● Data:
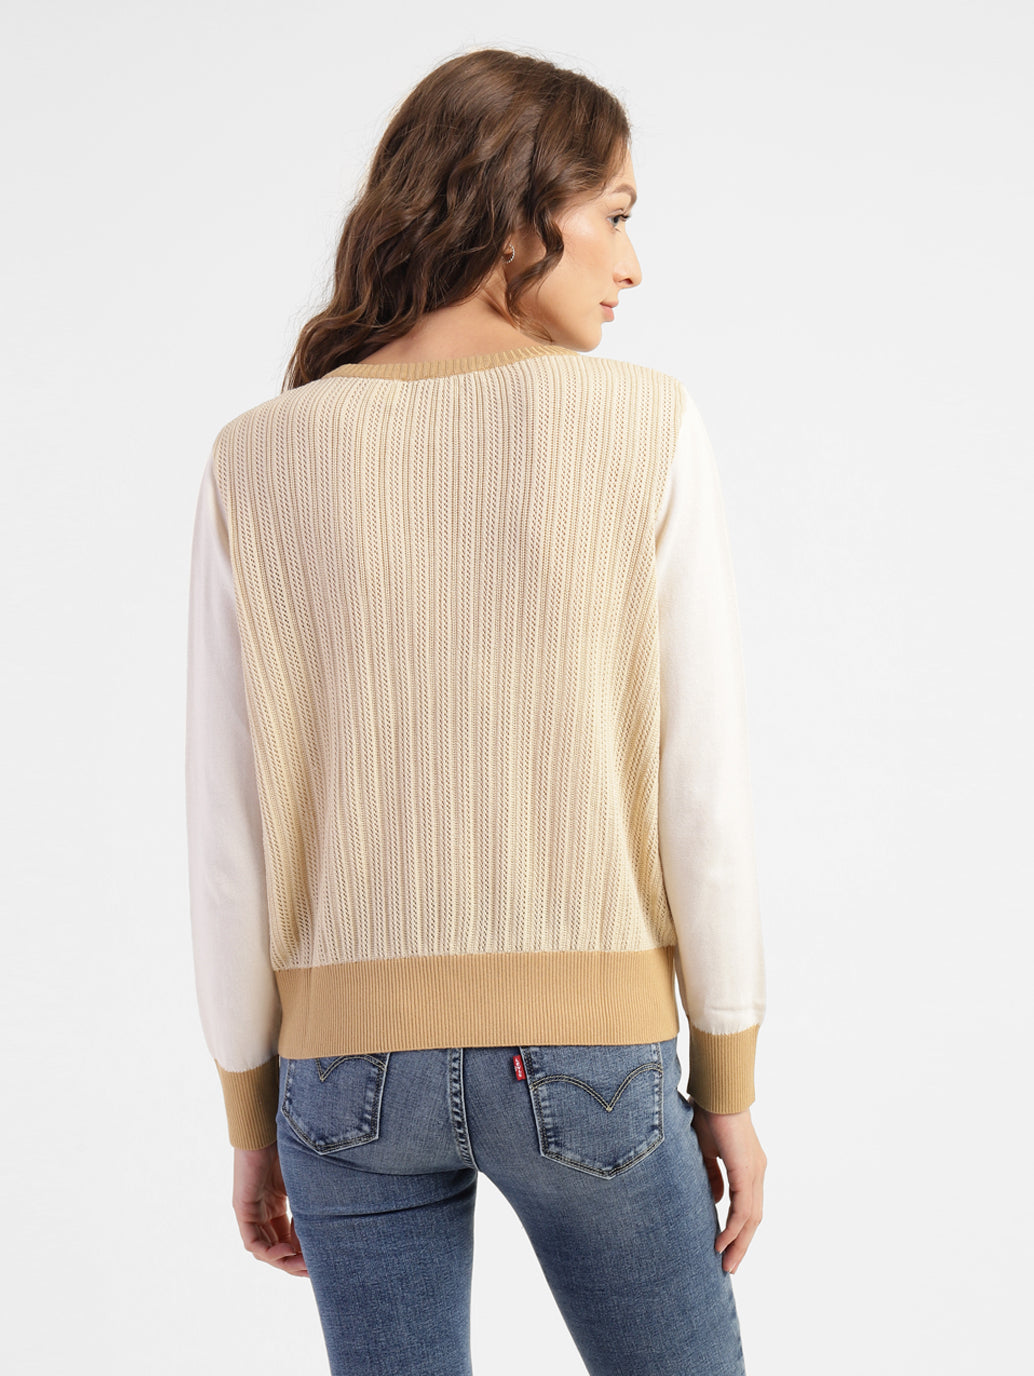 Women's Self Design Round Neck Sweater
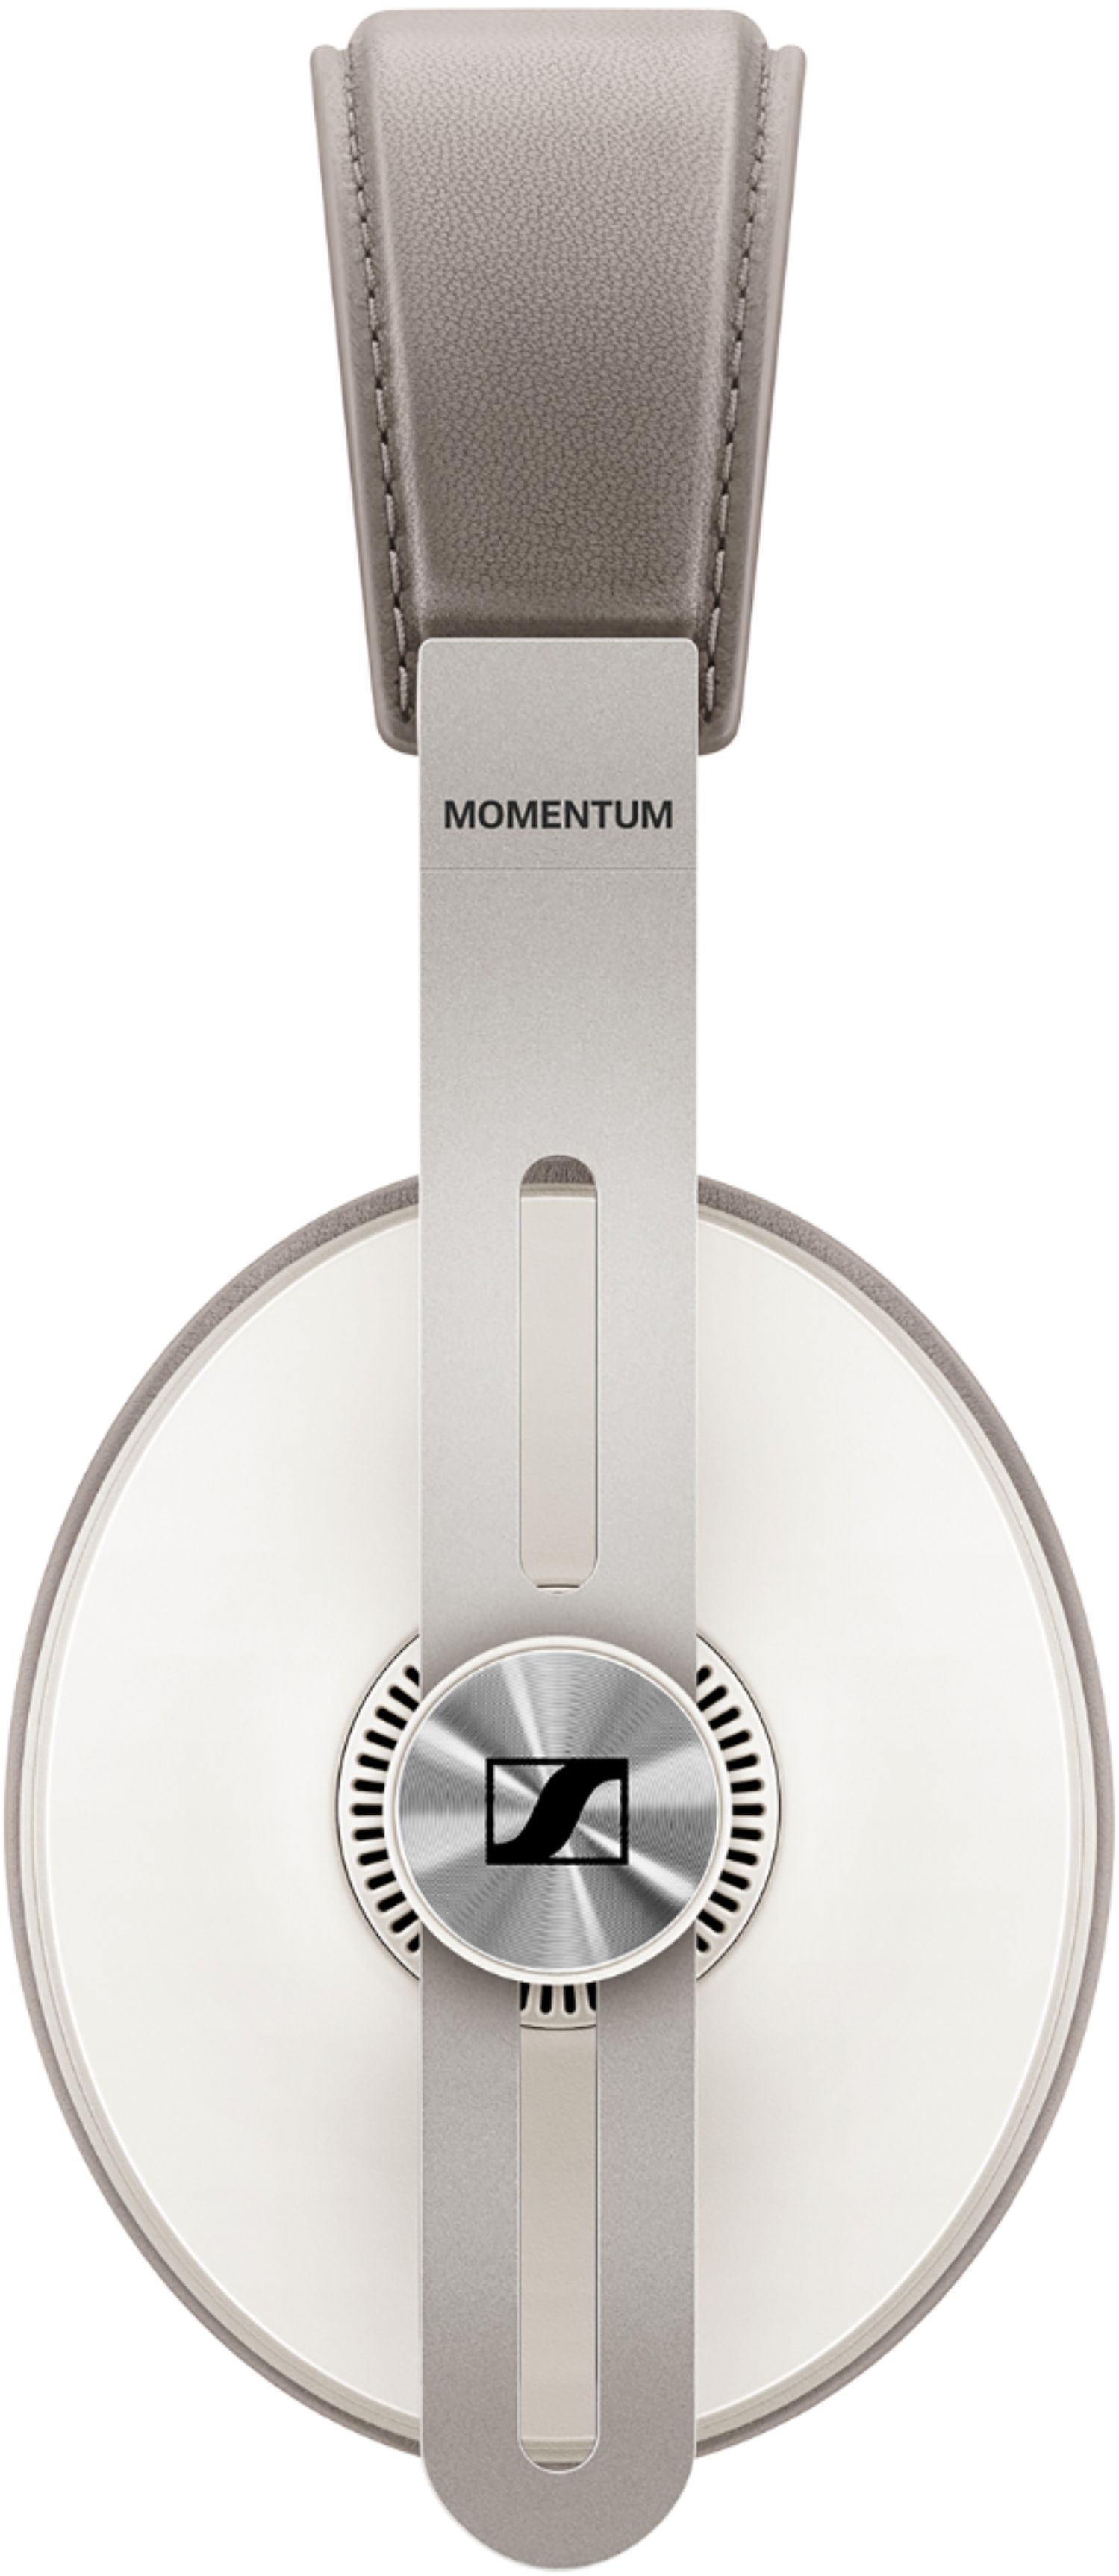 Best Buy: Sennheiser MOMENTUM Wireless Noise Canceling Over-the 
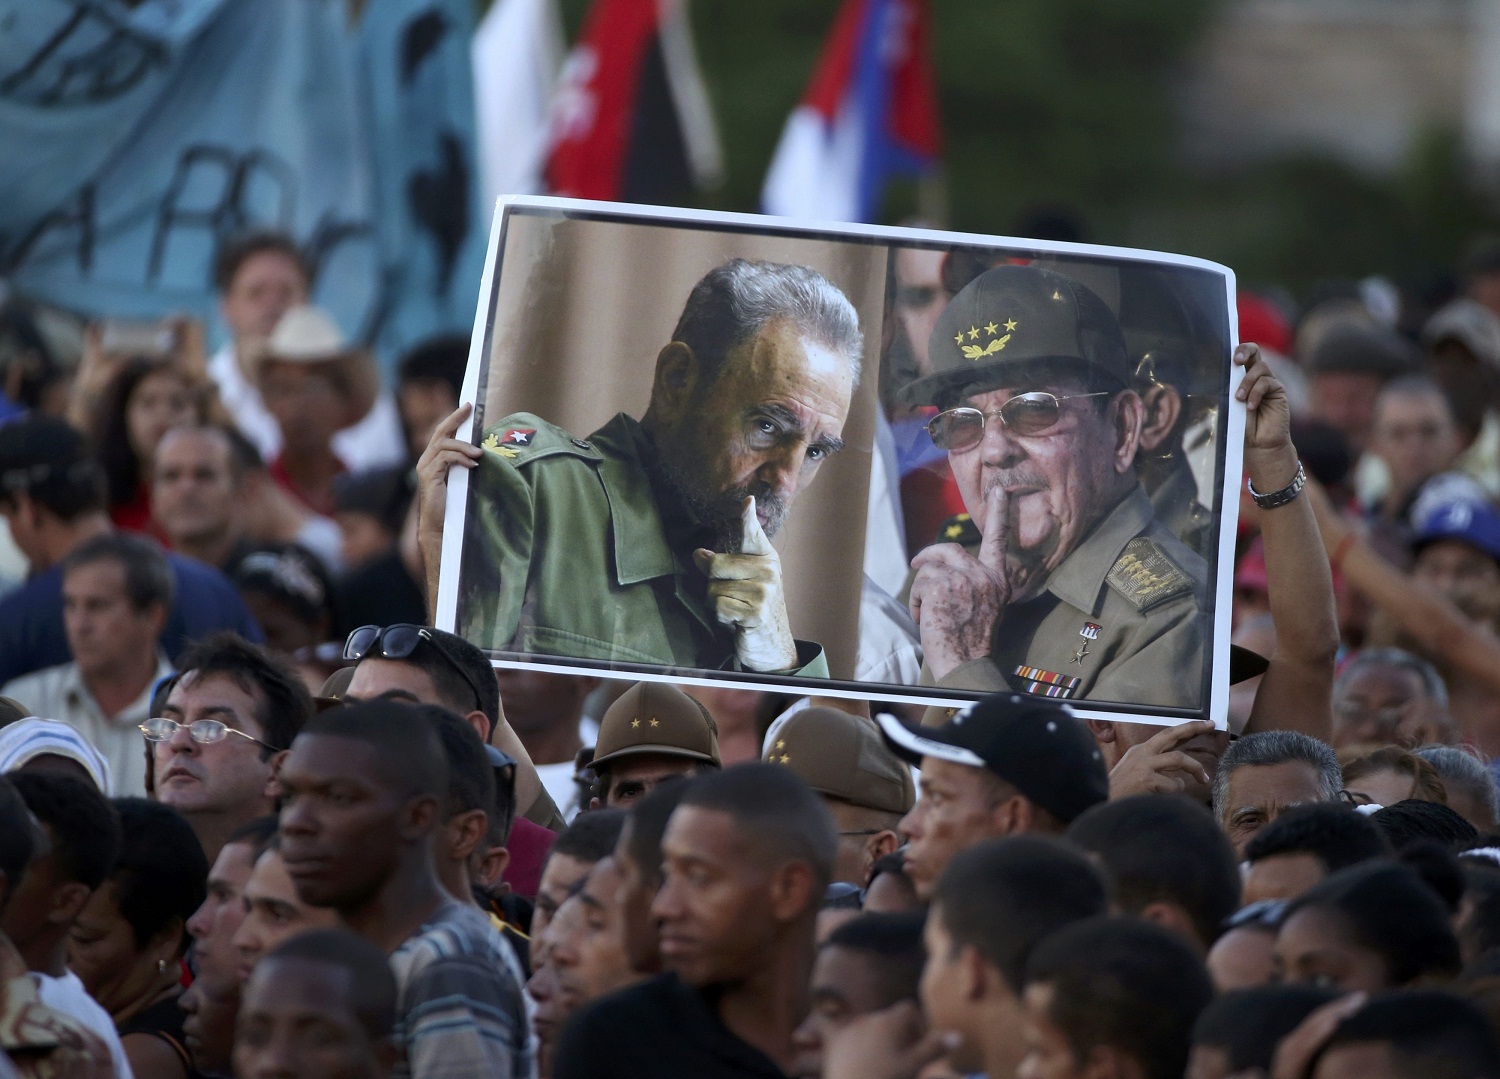 Raúl Castro despide a su hermano Fidel con un paseo por la historia
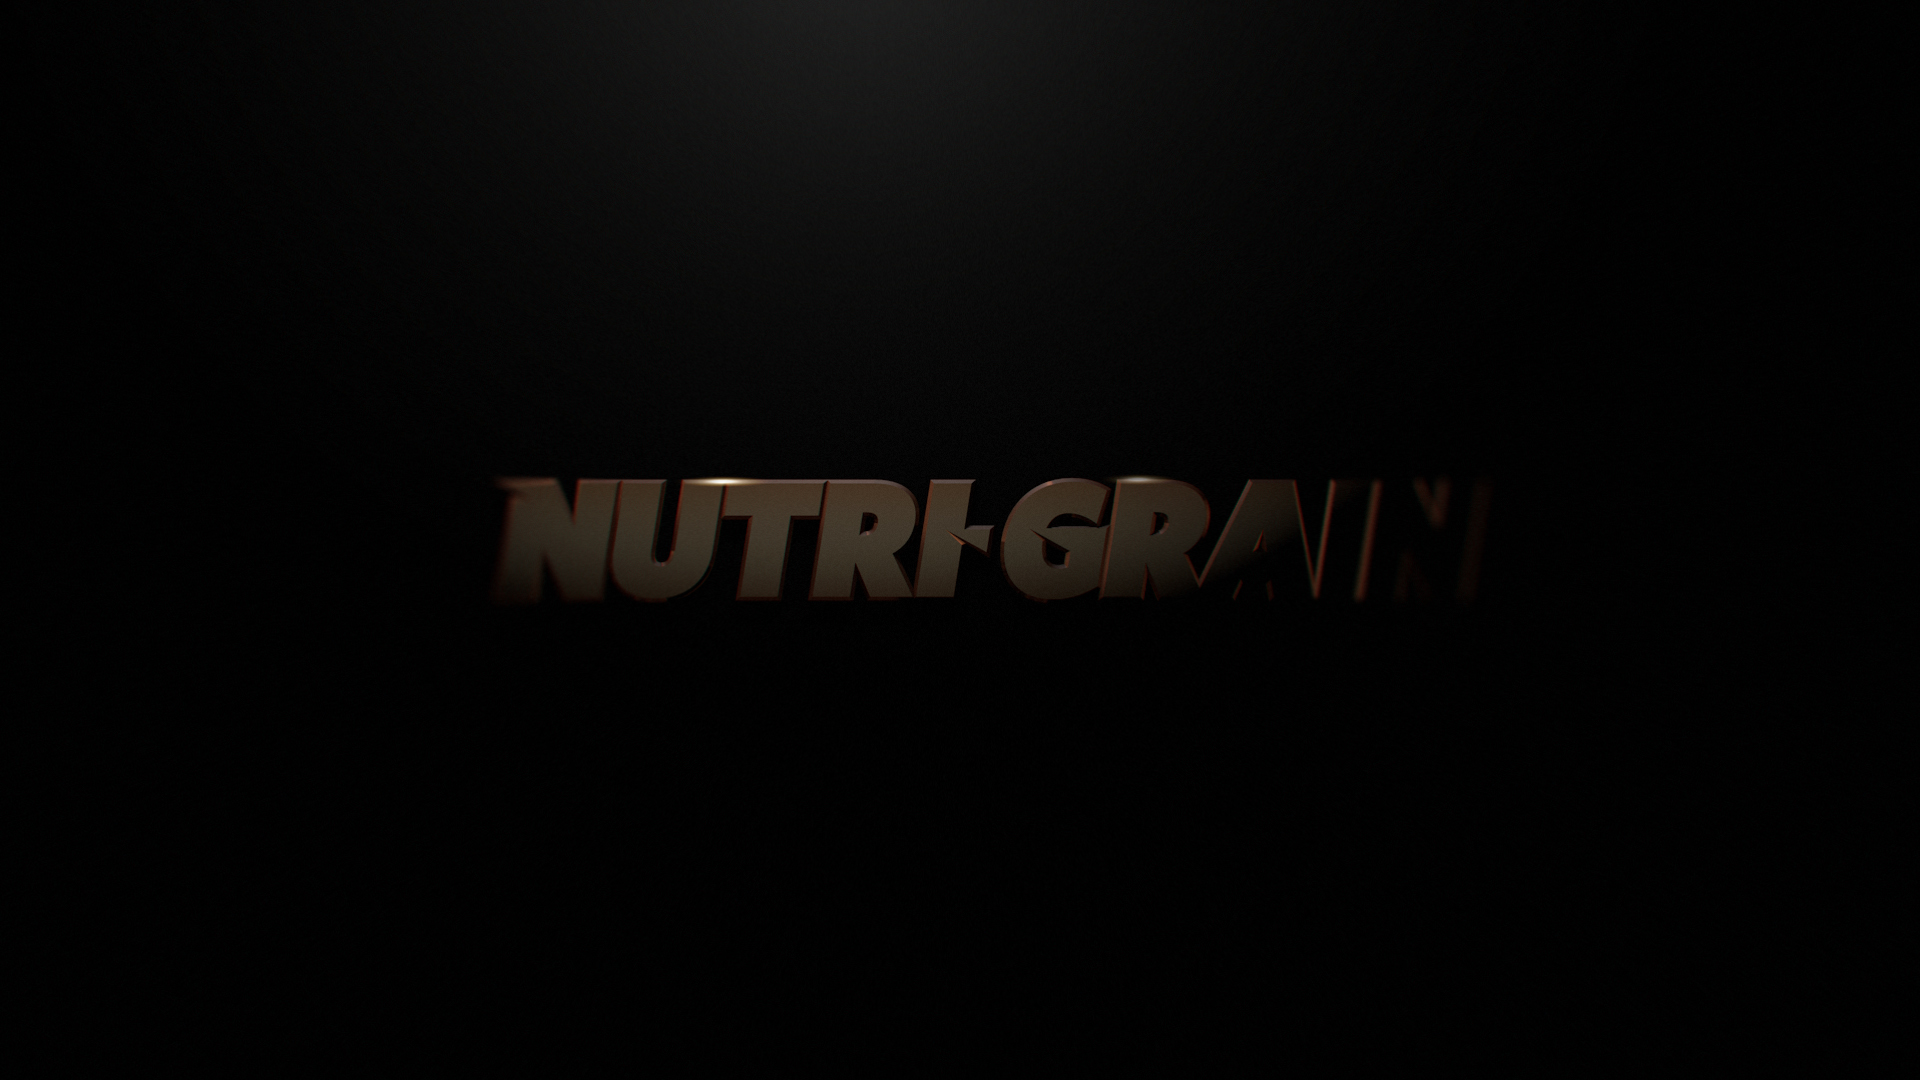 Nutrigrain_02_03.jpg

● Work instruction: Copy all the lines of data exactly as they appear, dropping any images.

● Written solution:
 Women's Self Design Round Neck Sweater
 Best Buy: Sennheiser MOMENTUM Wireless Noise Canceling Over-the 
 Raúl Castro despide a su hermano Fidel con un paseo por la historia
 Nutrigrain_02_03.jpg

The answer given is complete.